* [TRY IT]
Without the pictures, repeat all of the data exactly as it appears below.

DATA SECTION below:

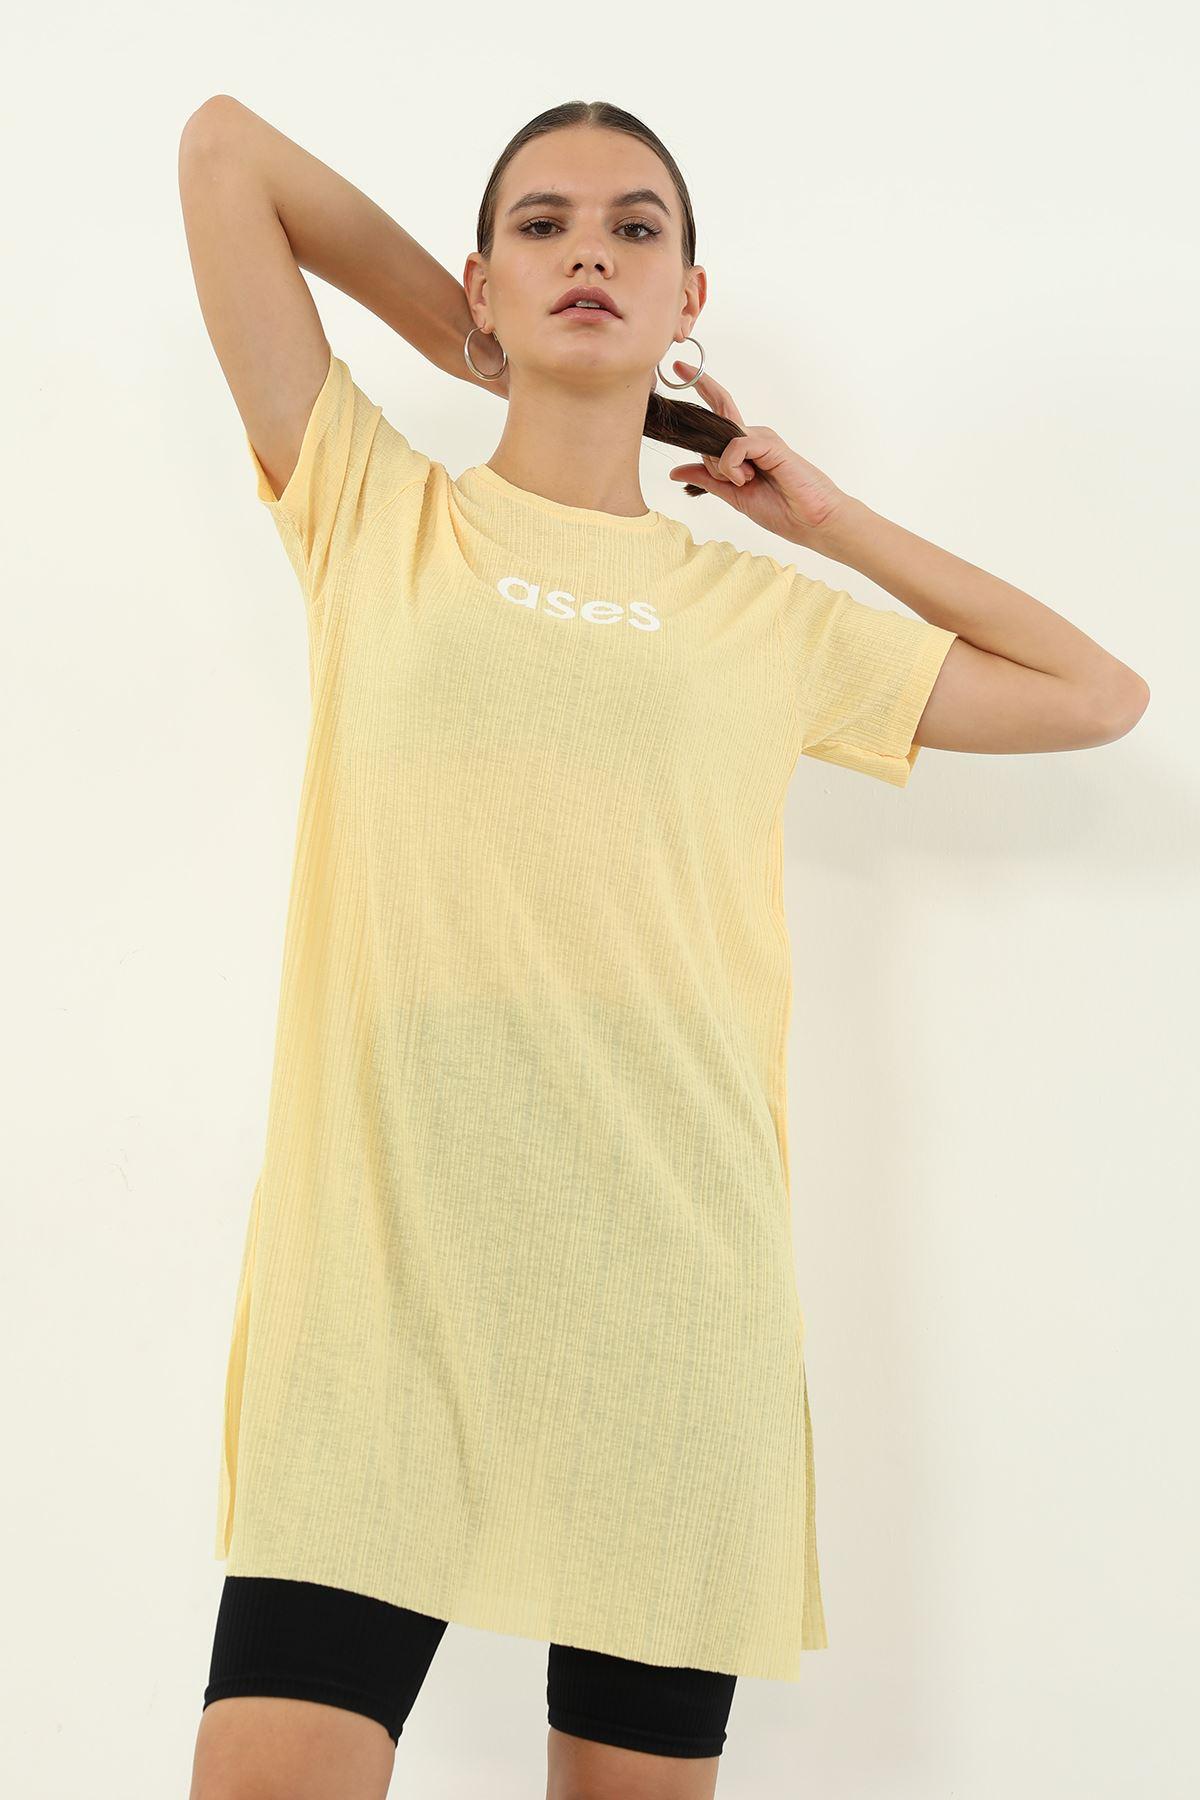 Ases Baskılı T-shirt-Sarı
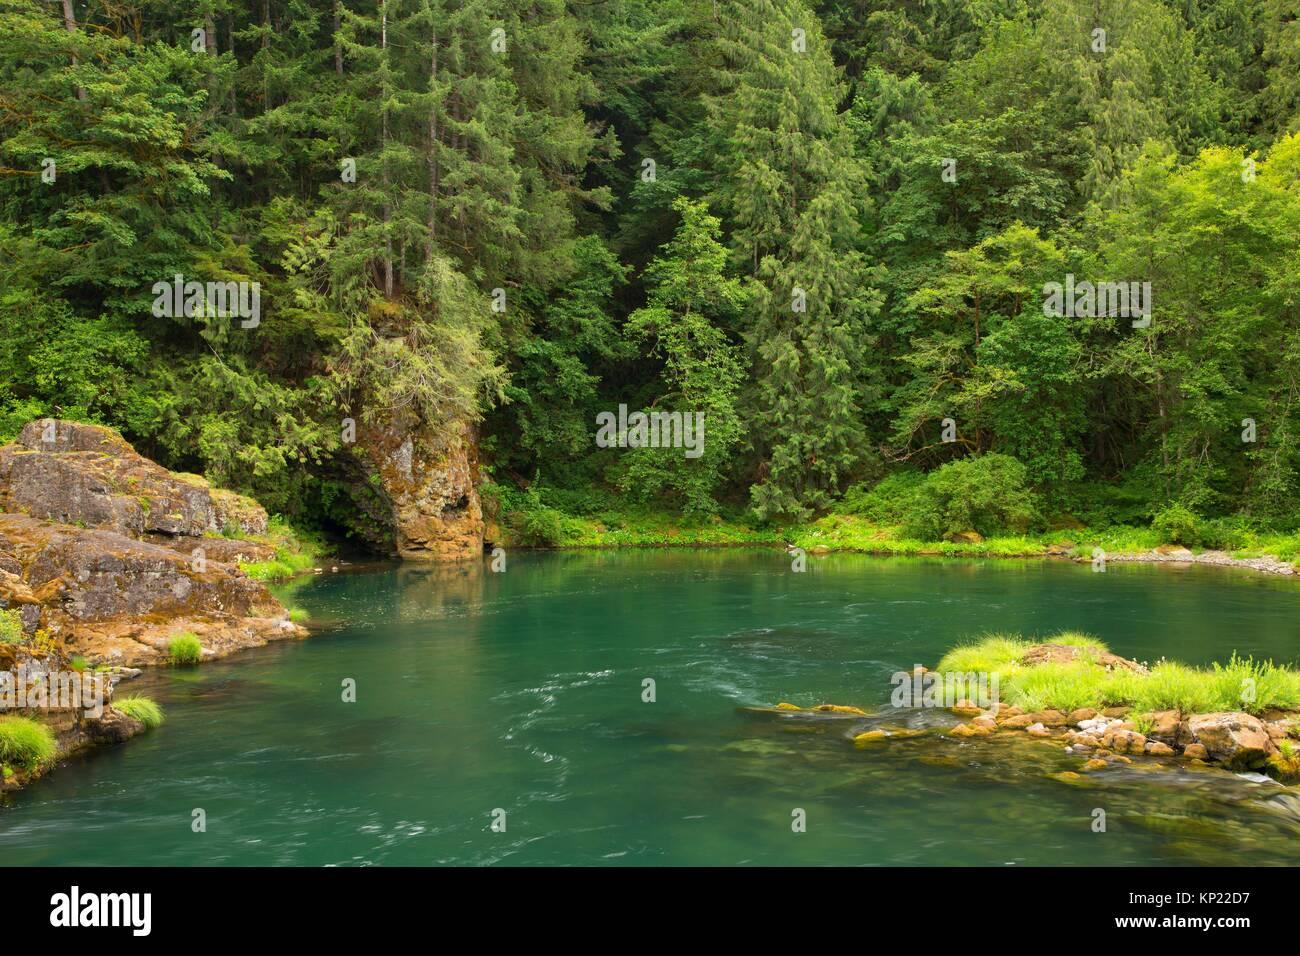 Norden Santiam Fluß, Niagara County Park, Marion County, Oregon. Stockbild
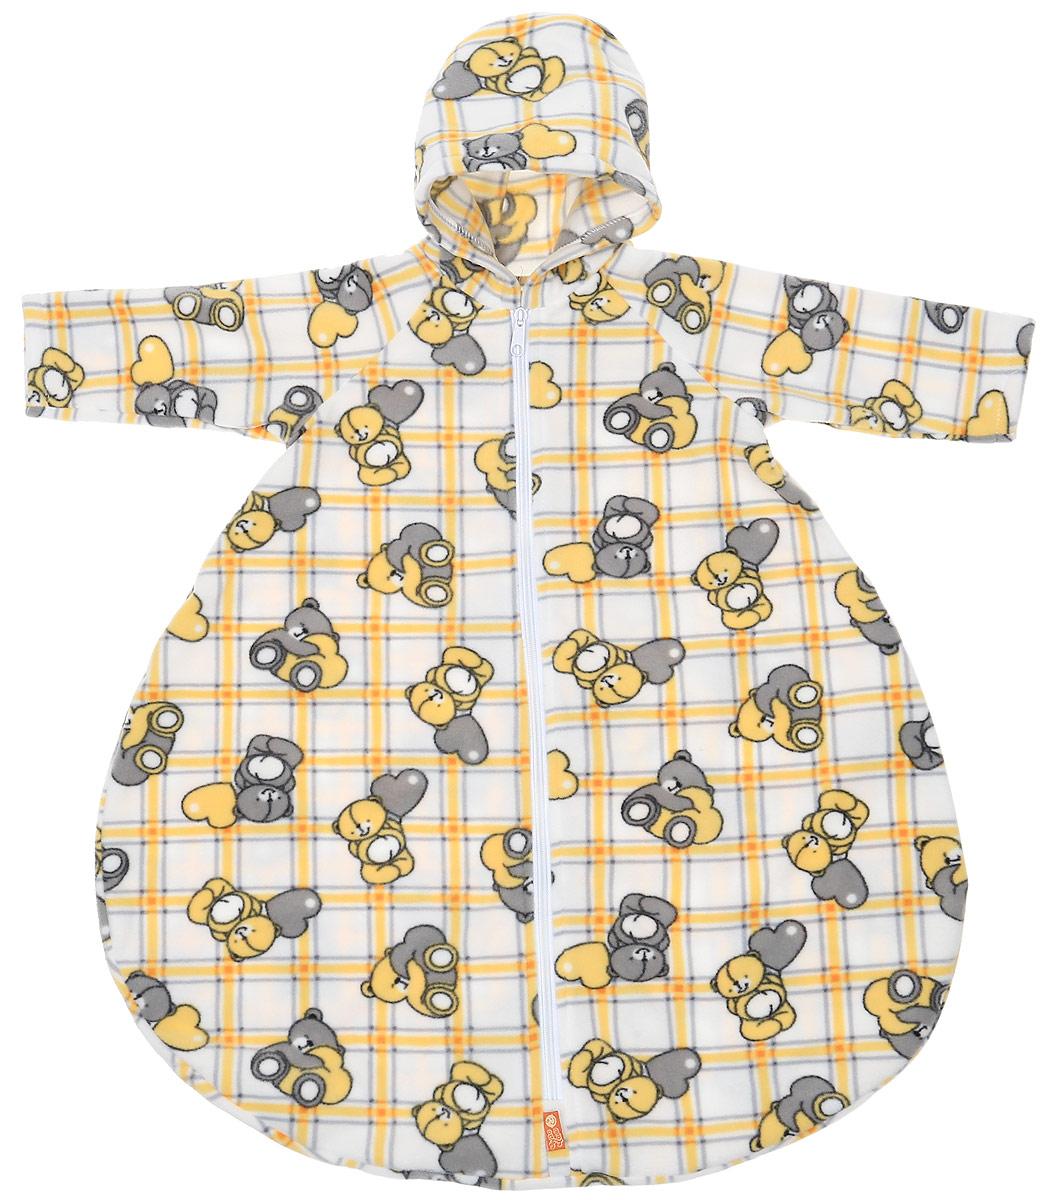 Конверт для новорожденного Чудо-Чадо БыстрОдежка Колокольчик, цвет: белый, желтый, серый. КРК04-001. Размер 74КРК04-001Детский конверт Чудо-Чадо БыстрОдежка Колокольчик станет отличным дополнением к гардеробу ребенка. Выполненный из мягкого флиса - 100% полиэстера, он очень приятный на ощупь, не вызывает аллергию, быстро сохнет, не растягивается и не садится, выдерживает многократные стирки, не теряя мягкости и насыщенности цветов. Модель с капюшоном и рукавами-реглан спереди застегивается на пластиковую молнию и дополнительно снабжена внутренней планкой. Застежка-молния до самого низа делает процесс переодевания очень простым и быстрым. Изделие не сковывает свободу маленьких ножек и дает возможность малышу активно работать ручками - а это очень важно для развития. Оформлена модель принтом в клетку и изображением медвежат. Конверт подойдет при выписке из роддома в теплое время года, а также может использоваться на прогулке, как самостоятельный конверт или дополнительный утепляющий слой к зимнему конверту, как спальный конвертик. В таком конверте ребенку будет тепло, уютно и комфортно!
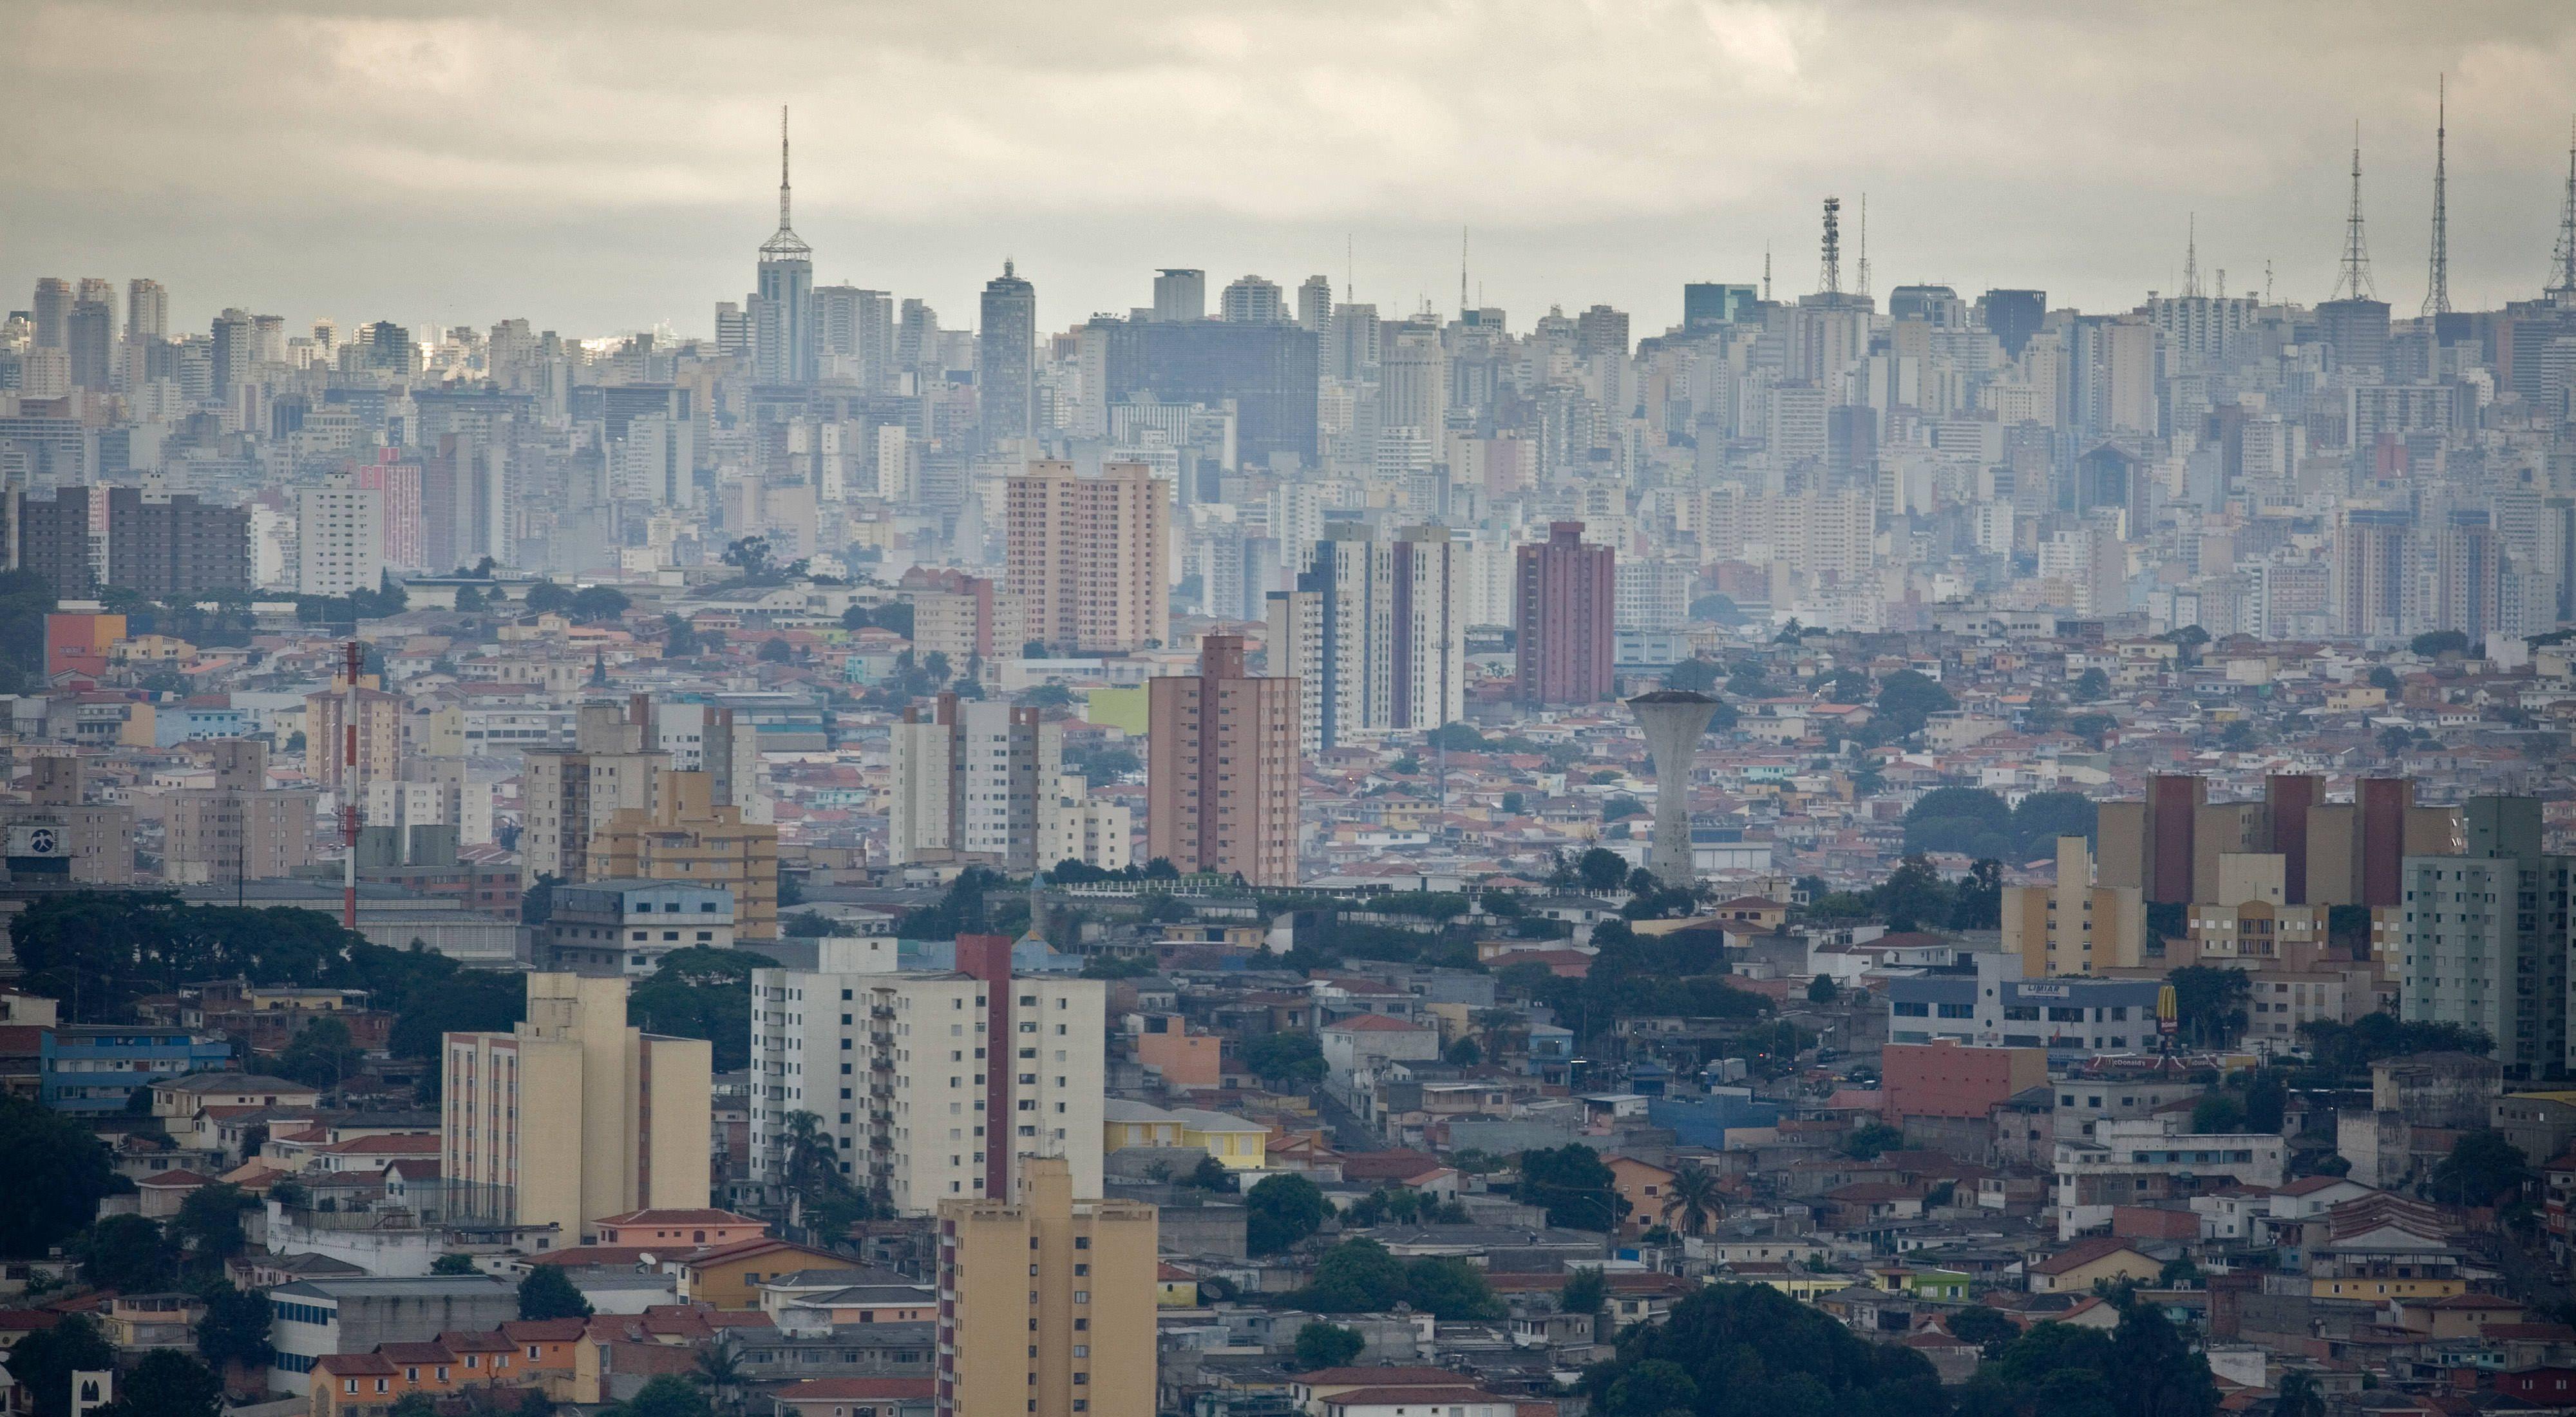 Vista da cidade de São Paulo com muitos prédios e pouca vegetação.
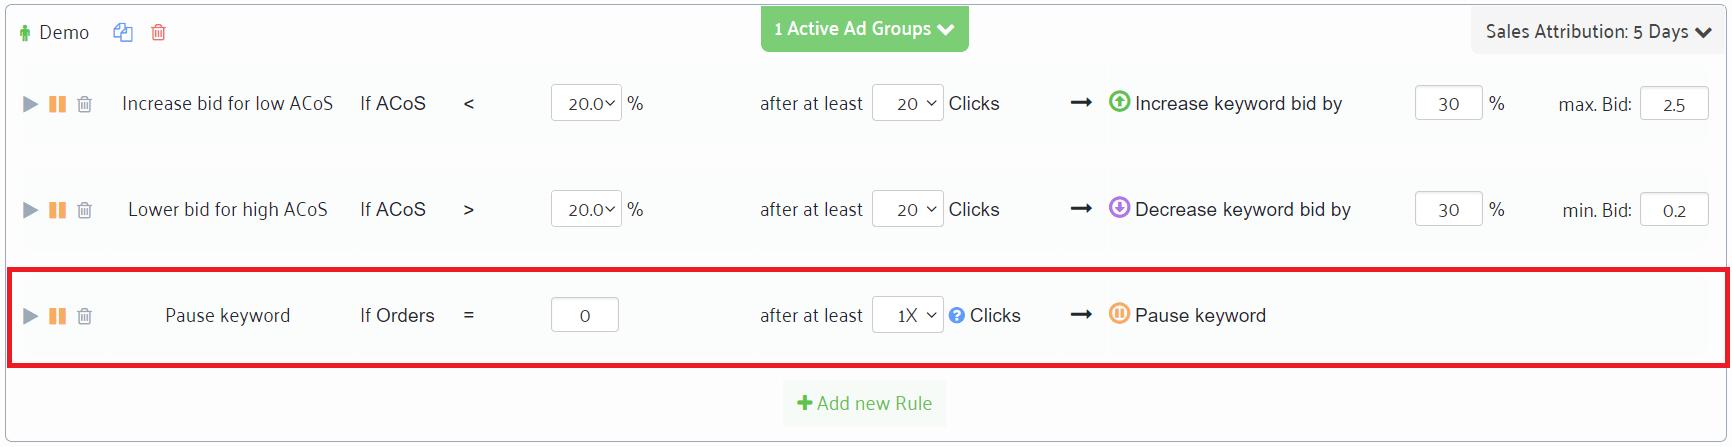 keyword bid automation

End of DATA SECTION.

* [RESULT FOR THIS TASK]
 Ases Baskılı T-shirt-Sarı
 Norden Santiam Fluß, Niagara County Park, Marion County, Oregon. Stockbild
 Конверт для новорожденного Чудо-Чадо БыстрОдежка Колокольчик, цвет: белый, желтый, серый. КРК04-001. Размер 74КРК04-001Детский конверт Чудо-Чадо БыстрОдежка Колокольчик станет отличным дополнением к гардеробу ребенка. Выполненный из мягкого флиса - 100% полиэстера, он очень приятный на ощупь, не вызывает аллергию, быстро сохнет, не растягивается и не садится, выдерживает многократные стирки, не теряя мягкости и насыщенности цветов. Модель с капюшоном и рукавами-реглан спереди застегивается на пластиковую молнию и дополнительно снабжена внутренней планкой. Застежка-молния до самого низа делает процесс переодевания очень простым и быстрым. Изделие не сковывает свободу маленьких ножек и дает возможность малышу активно работать ручками - а это очень важно для развития. Оформлена модель принтом в клетку и изображением медвежат. Конверт подойдет при выписке из роддома в теплое время года, а также может использоваться на прогулке, как самостоятельный конверт или дополнительный утепляющий слой к зимнему конверту, как спальный конвертик. В таком конверте ребенку будет тепло, уютно и комфортно!
 Vista da cidade de São Paulo com muitos prédios e pouca vegetação.
 keyword bid automation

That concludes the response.